Documentation is the milestone to display the value of interventions within an organized health care system. Pharmaceutical care is not an exception to this rule (2). A major element of the idea of pharmaceutical care is the documentation of provided care (3).

Documentation enables the pharmaceutical care model of pharmacy practice to make the best communication with the third-party system of reimbursement payment (i.e. insurance companies). Communication among sites of patient care must be precise and appropriate to make pharmaceutical care possible. The lack of universal reimbursement for services provided by pharmacist can serve a road block for initiating documentation (4). However, the chance to demonstrate contributions to patient outcomes and safety must serve as a catalyst for pharmacist to document their services (2).

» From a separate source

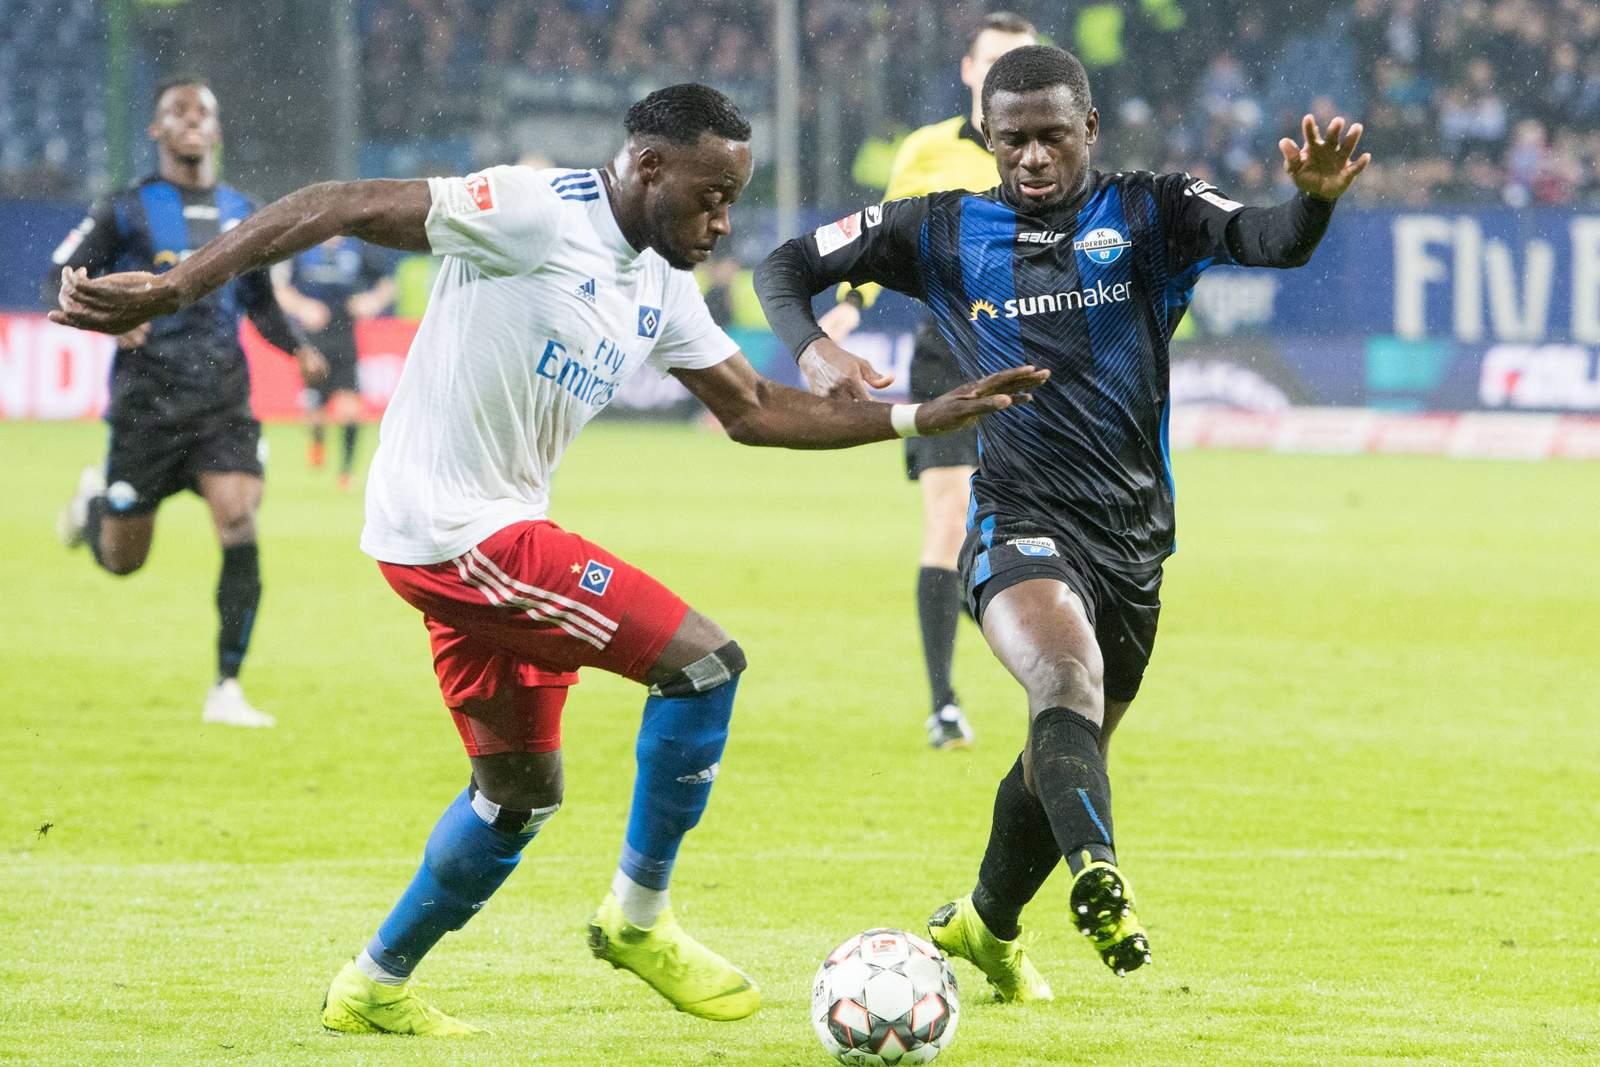 Setzt sich Narey gegen Collins durch? Jetzt auf Paderborn gegen HSV wetten

One study conducted on a general medicine unit showed that pharmacist involvement with medical doctors could be associated with a considerable reduction in preventable Adverse Drug Events (ADEs) (5). Another study demonstrated a positive contribution of pharmacists` interventions and quality of pharmacotherapy in 141 Dutch community pharmacies (6). Dooley and colleagues conducted a prospective study and examined the pharmacists’ interventions in eight hospitals in Australia. The results showed a considerable pharmacist-related cost savings of $4,444,794 (7). Results of a research at an outpatient study showed that regardless of the setting, pharmacists could improve patient outcomes (8). Van Wijk and colleagues reviewed 18 trials and failed to show a significant patient adherence to chronic medical therapies (9) American College of Clinical Pharmacy (ACCP) noted a decrease in cost by clinical pharmacy services in most studies which were done from 1996 to 2000 (10). Using published relevant articles between 2001 and 2005, ACCP has also showed continued benefits of these services on cost reduction (11). In Iran, the professional movement of pharmacists and their efficient involvement in hospital wards at Shahid Beheshti University, Tehran, has begun in recent years and needs more momentum (12). An opportunity to take up this challenge was provided in 2005. We initiated clinical pharmacy services to interested bodies of Masih Daneshvari Hospital. The precise nature of this service was vague at first, but in subsequent discussions it was well defined.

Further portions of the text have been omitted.